State Minister of Backward Rural Areas Development and Promotion of Domestic Animal Husbandry and Minor Economic Crop Cultivation
- Incumbent
- Assumed office 6 October 2020

State Minister of Postal Services and Professional Development of Journalists
- In office 12 August 2020 – 6 October 2020

Deputy Minister of Regional Development (Eastern Development)
- In office 2 November 2018 – 15 December 2018

Member of the Parliament of Sri Lanka
- Incumbent
- Assumed office 2015
- Constituency: Batticaloa District

Personal details
- Born: Sathasivam Viyalendiran 15 November 1978 (age 47)
- Party: Sri Lanka Podujana Peramuna
- Other political affiliations: Sri Lanka People's Freedom Alliance
- Alma mater: Eastern University, Sri Lanka Madurai Kamaraj University

= S. Viyalendiran =

Sri Lankan politician

Sathasivam Viyalendiran (சதாசிவம் வியாழேந்திரன்; born 15 November 1978) is a Sri Lankan Tamil politician, Member of Parliament and state minister.

==Early life==
Viyalendiran was born on 15 November 1978. He was educated at Veppavettuvan Government Tami School, Chenkalady and Eruvar Tamil Maha Vidyalayam.
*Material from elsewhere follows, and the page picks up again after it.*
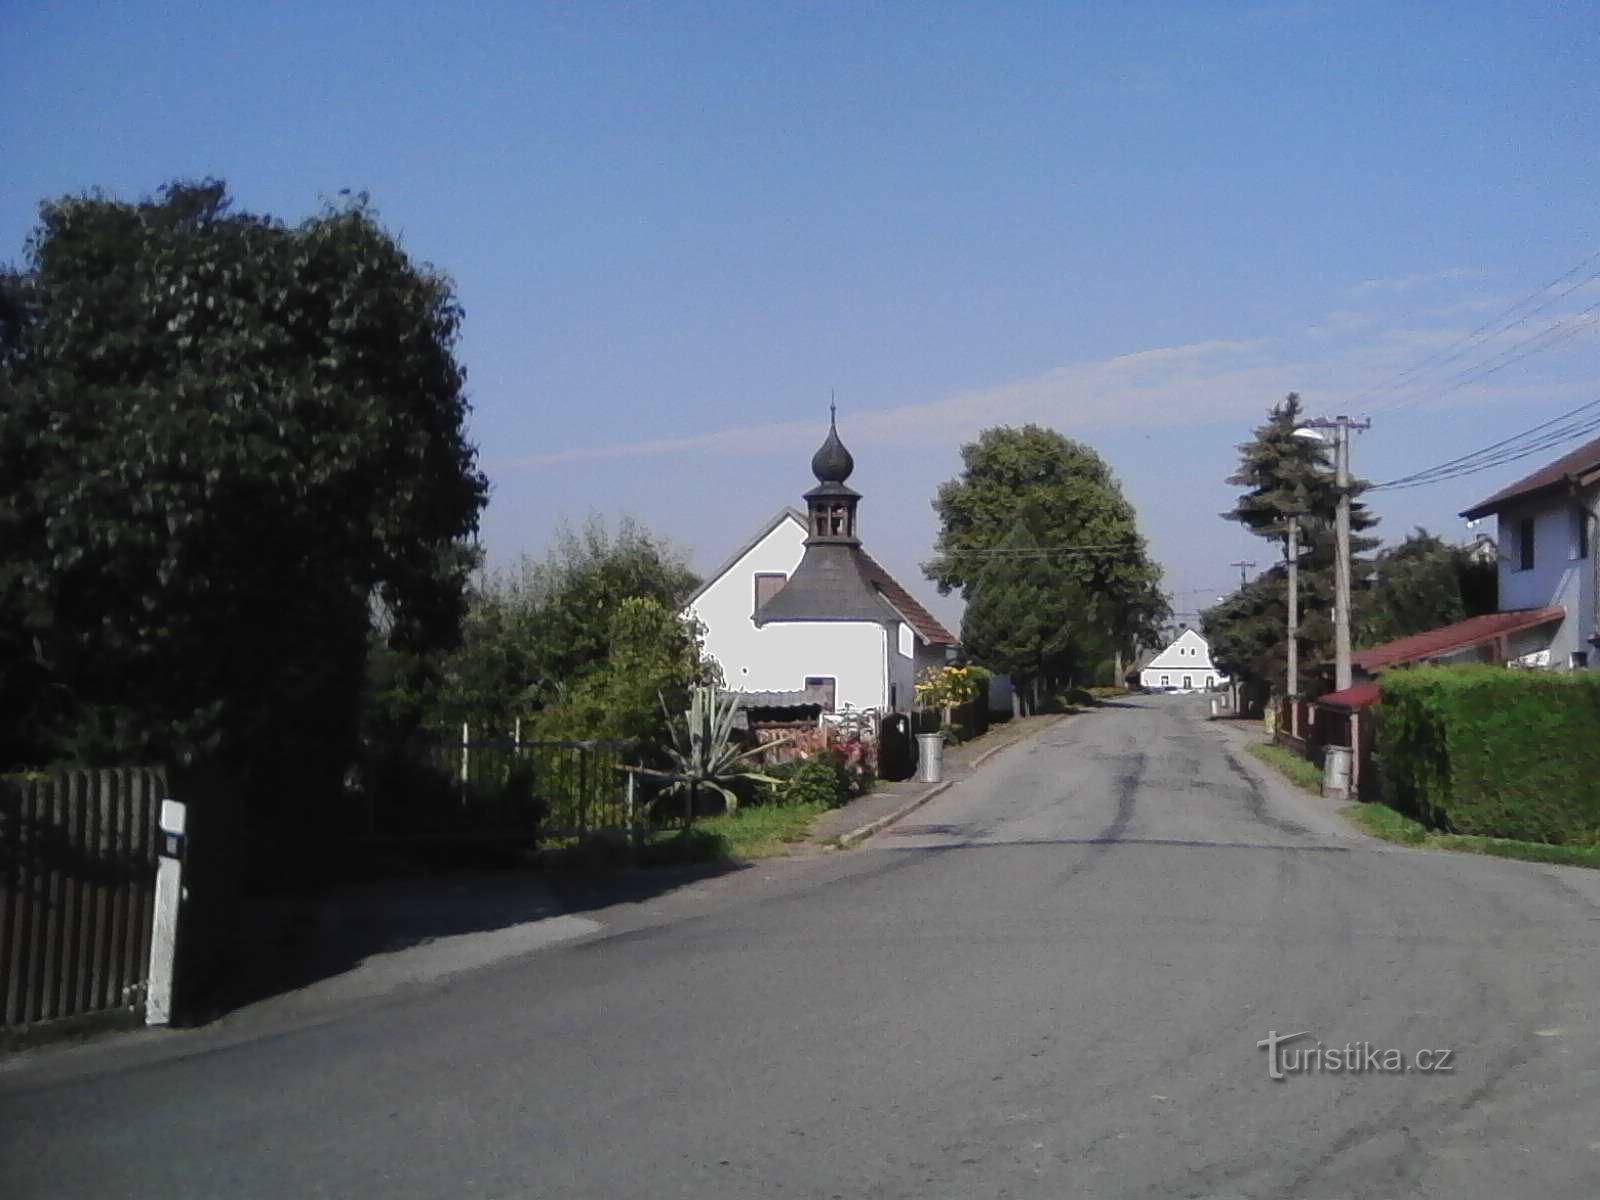 2. Nhà nguyện ở làng Horní Hořice.

After school he joined the Eastern University, Sri Lanka, graduating with a B.A. degree. He also holds an M.A. degree from the Madurai Kamaraj University.

==Career==
Viyalendiran was a member of the People's Liberation Organisation of Tamil Eelam (PLOTE). He contested the 2015 parliamentary election as one of the Tamil National Alliance electoral alliance's candidates in Batticaloa District and was elected to the Parliament.

During the 2018 Sri Lankan constitutional crisis Viyalendiran defected to the United People's Freedom Alliance government. He was rewarded by being appointed Deputy Minister of Regional Development (Eastern Development) in November 2018. He lost his position following the end of the crisis in December 2018.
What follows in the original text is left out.